_Dataset records_:

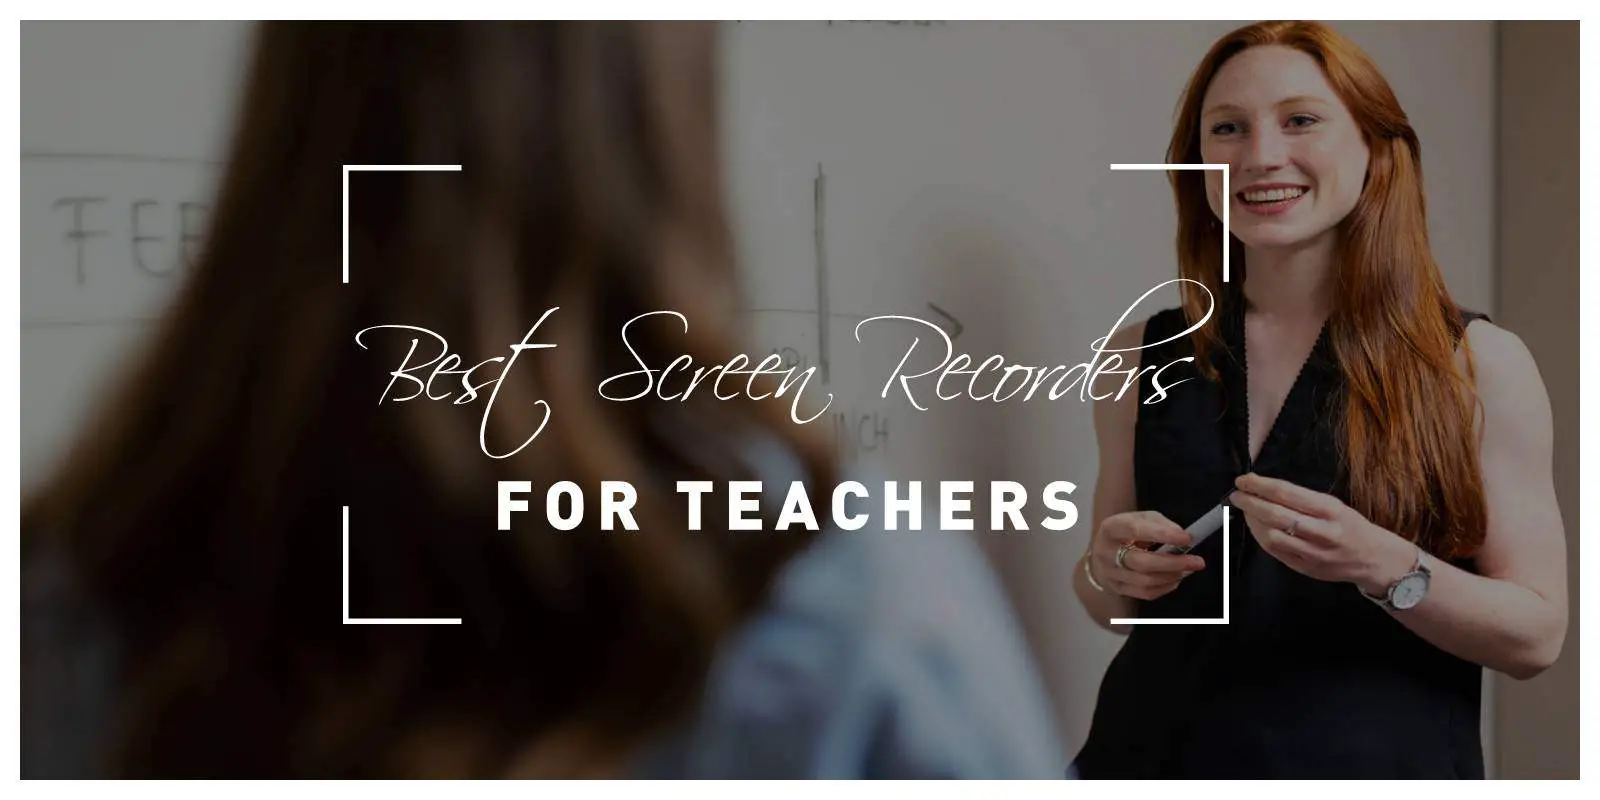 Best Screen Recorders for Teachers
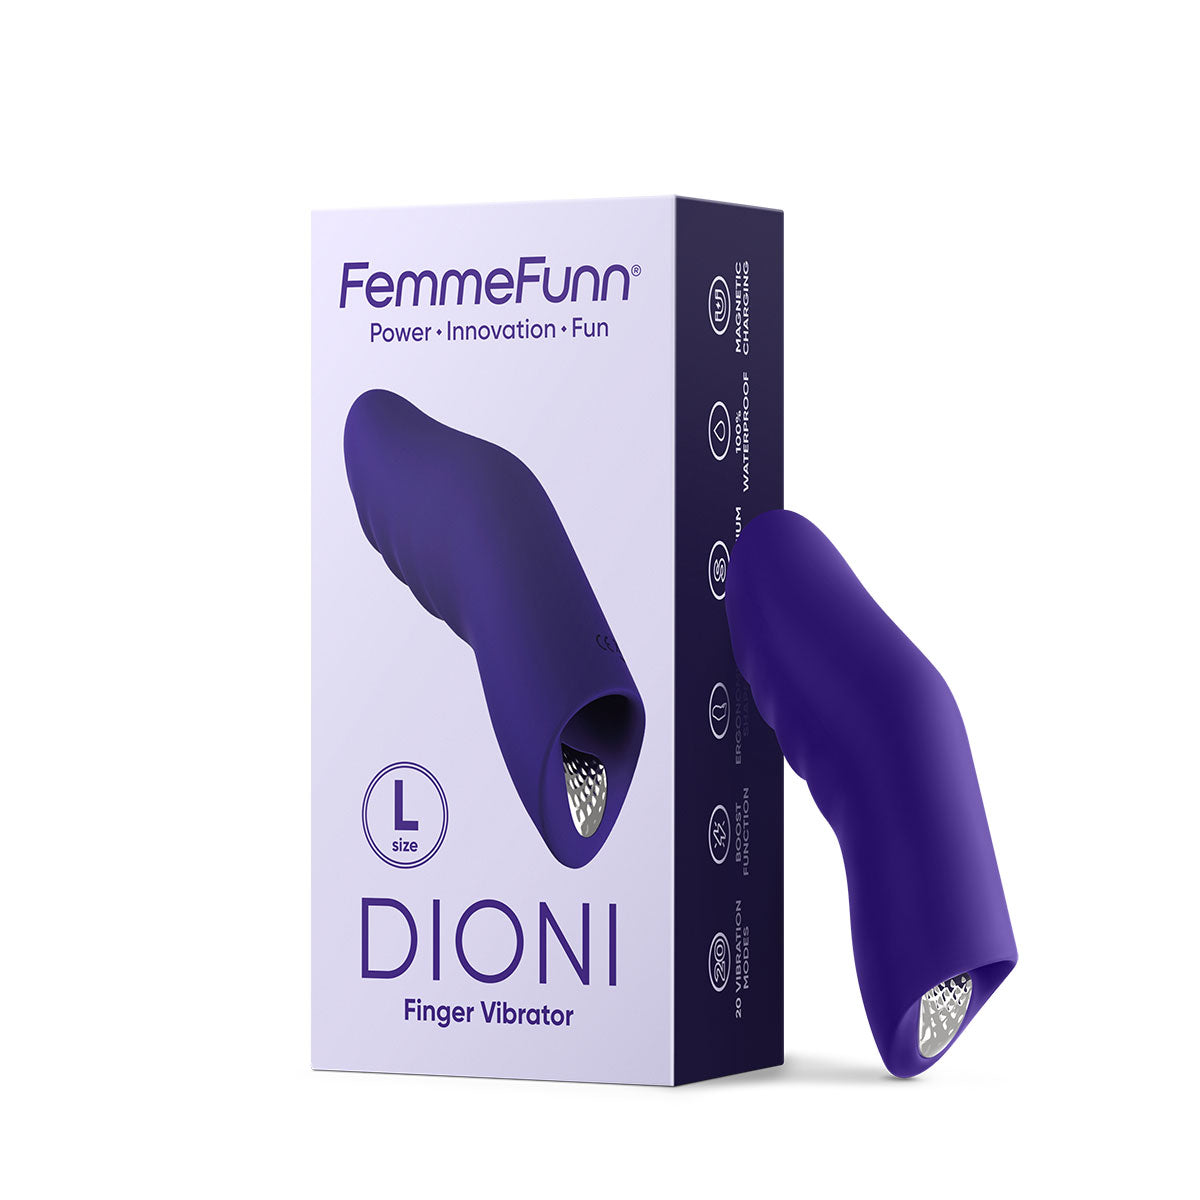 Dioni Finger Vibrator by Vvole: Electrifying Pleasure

==

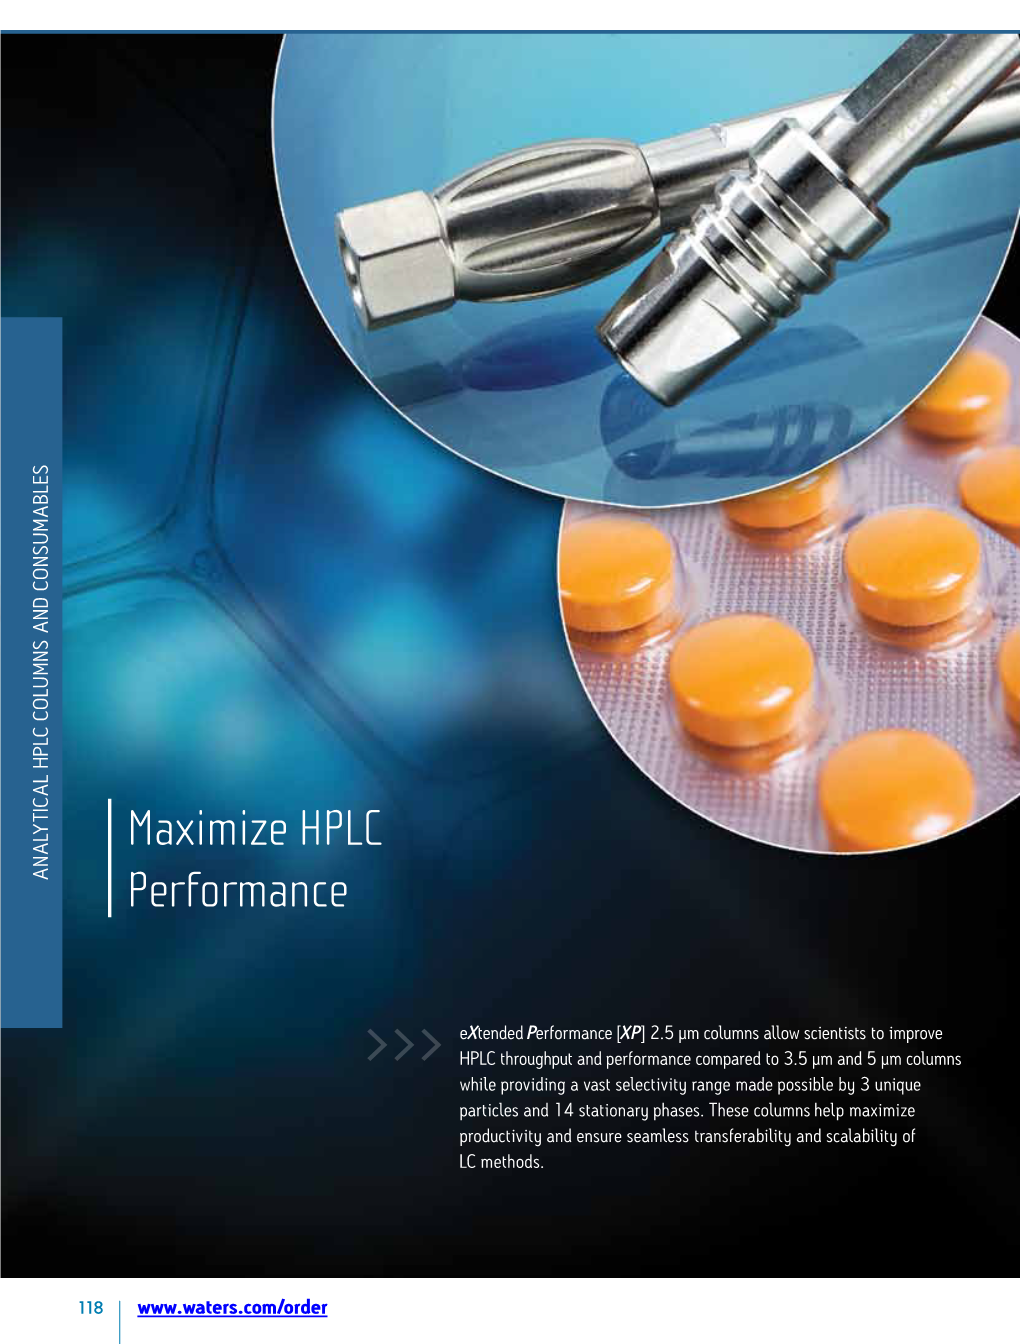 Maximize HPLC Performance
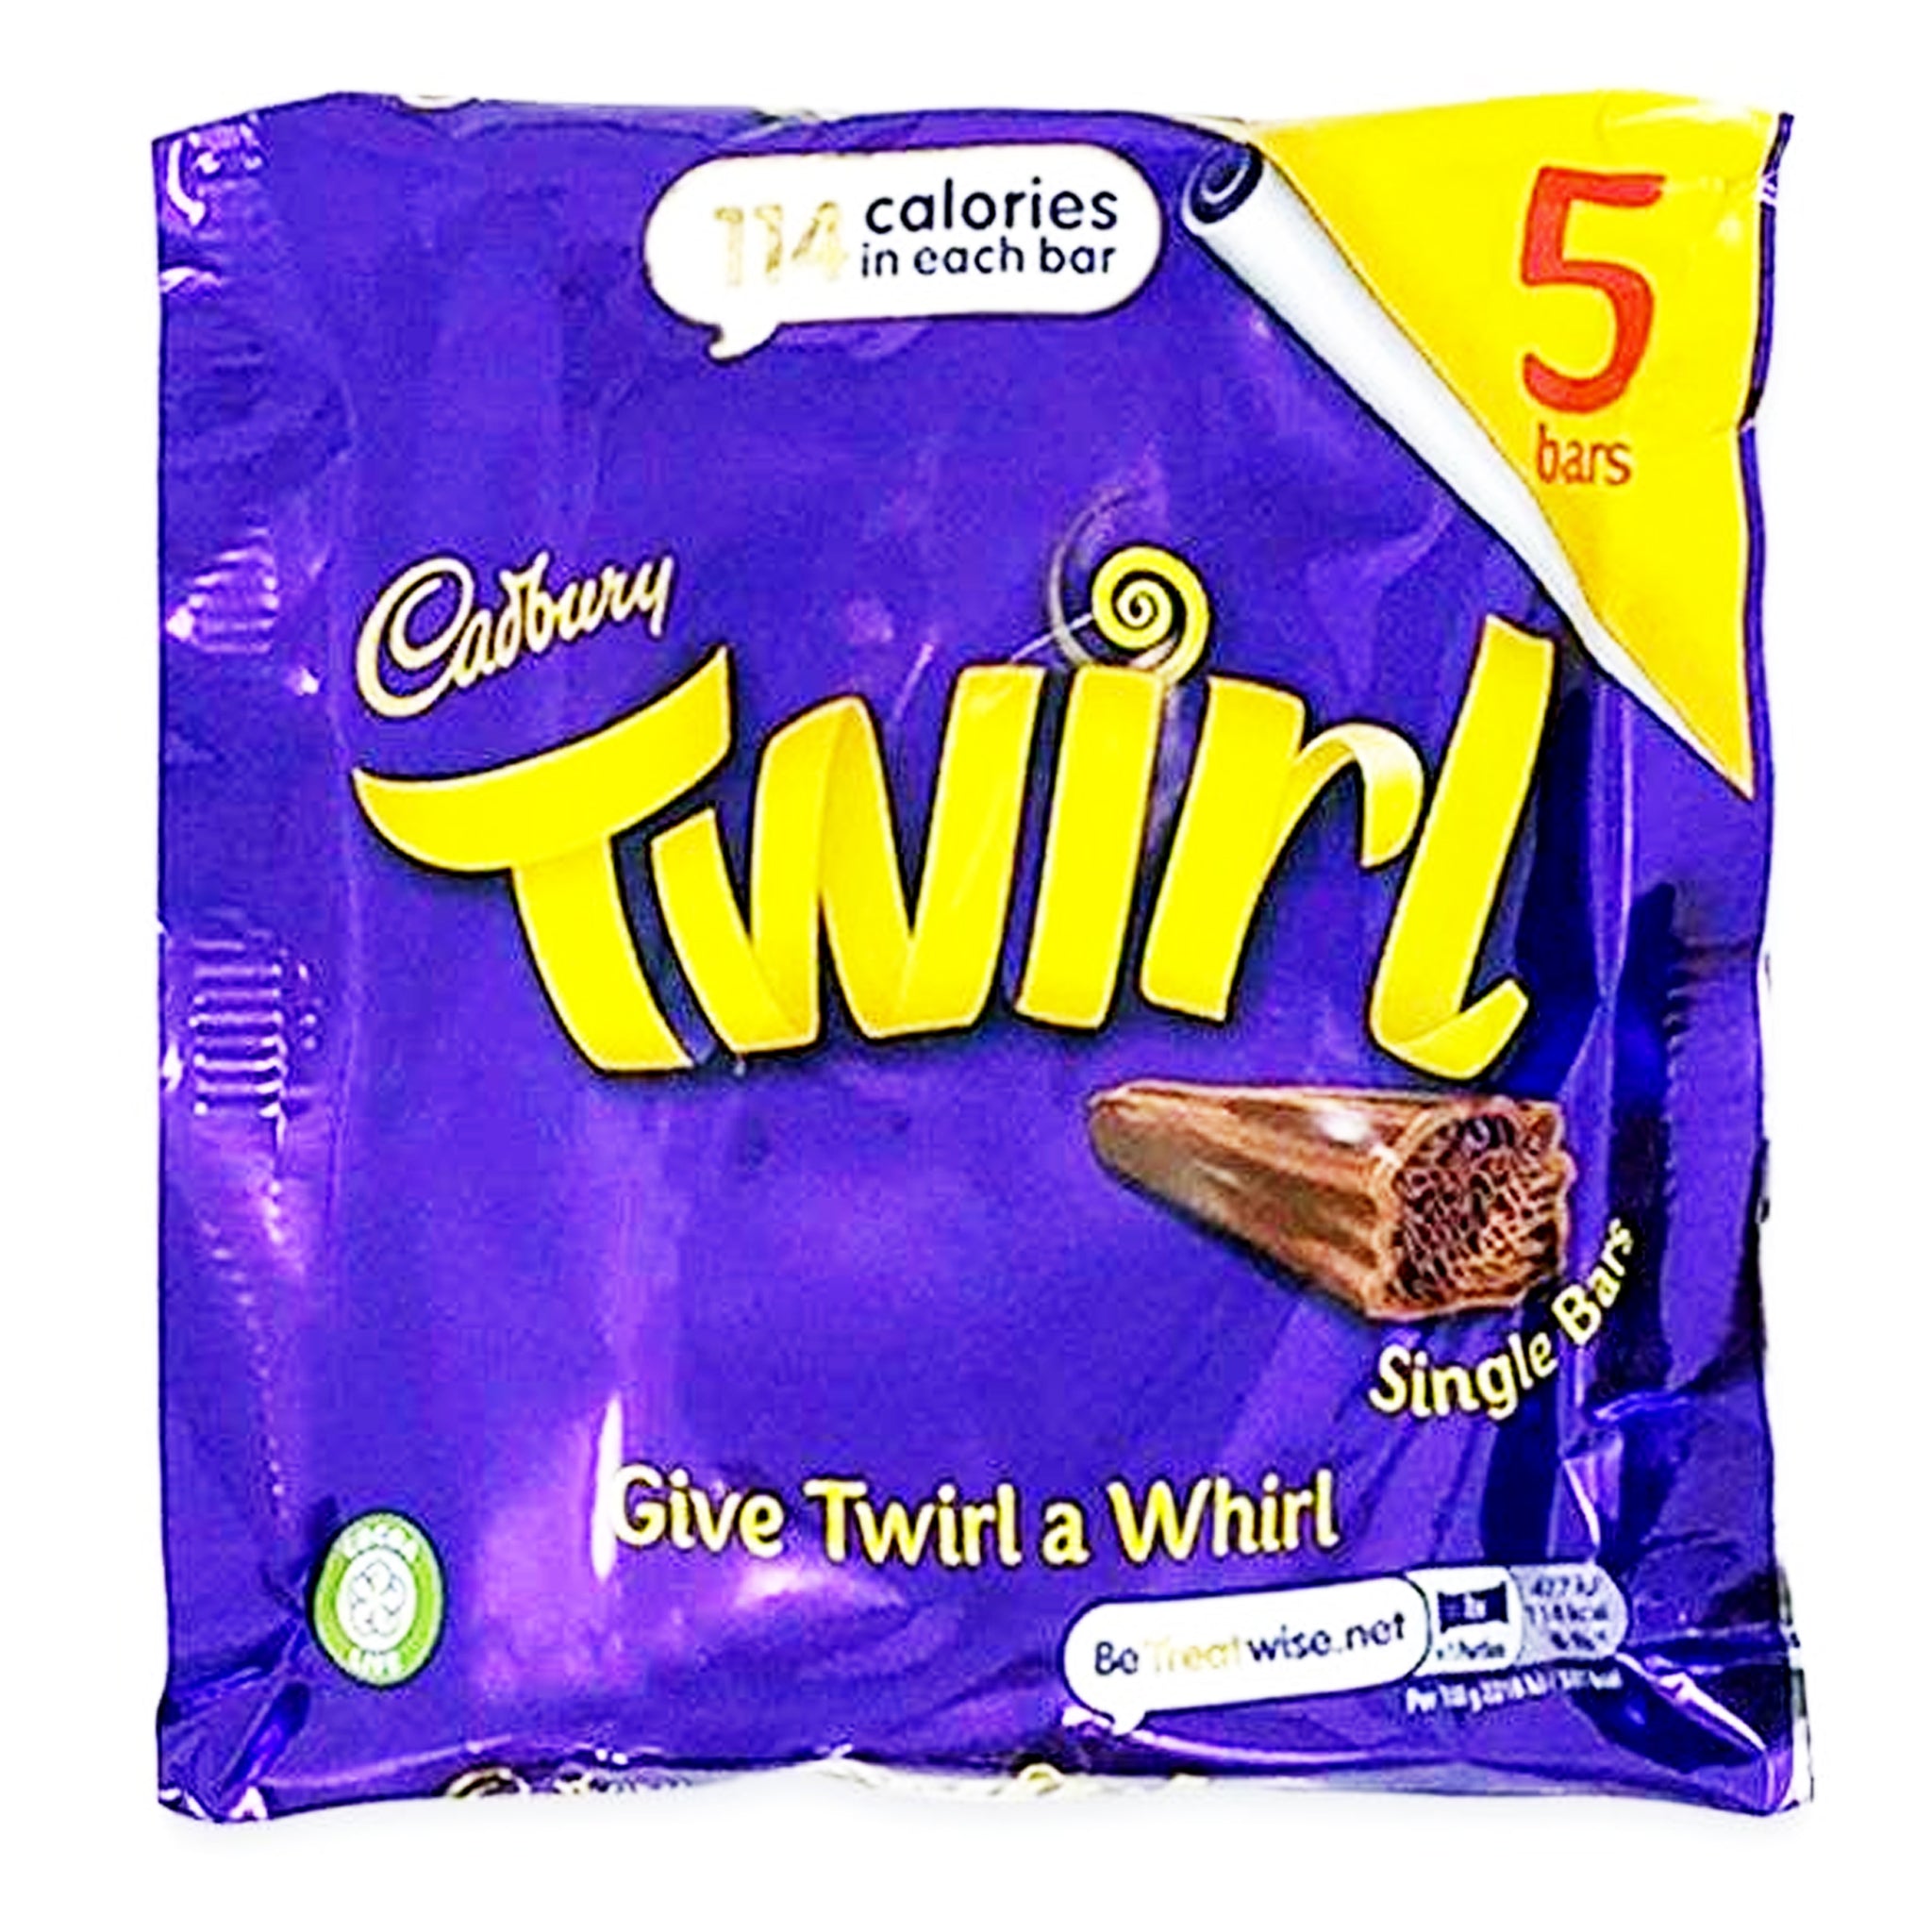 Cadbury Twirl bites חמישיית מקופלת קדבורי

==

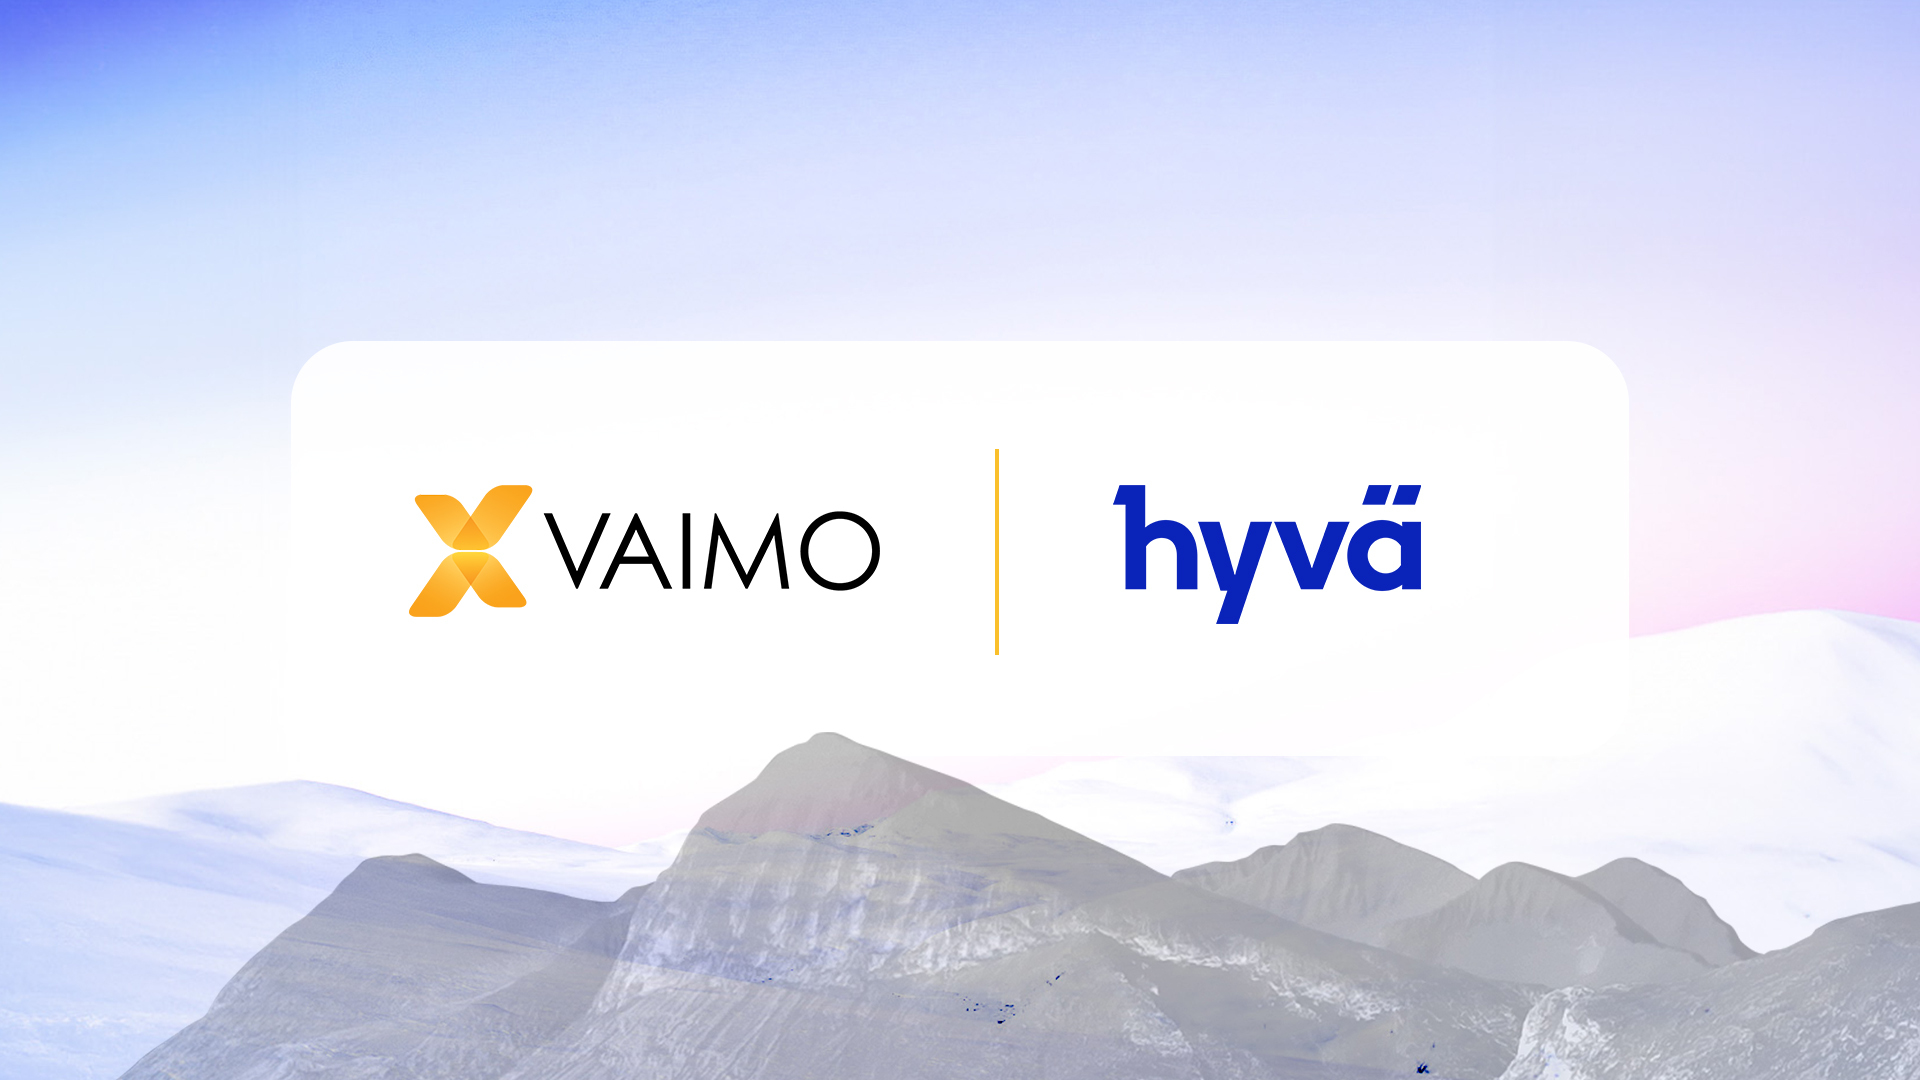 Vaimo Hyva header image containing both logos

_The task_:
Within the entries above, the lines from the one containing "Maximize HPLC Performance" through the one containing "Cadbury Twirl bites חמישיית מקופלת קדבורי" are to be transcribed exactly, ends included, pictures excluded.

_Task answer_:
 Maximize HPLC Performance
 Cadbury Twirl bites חמישיית מקופלת קדבורי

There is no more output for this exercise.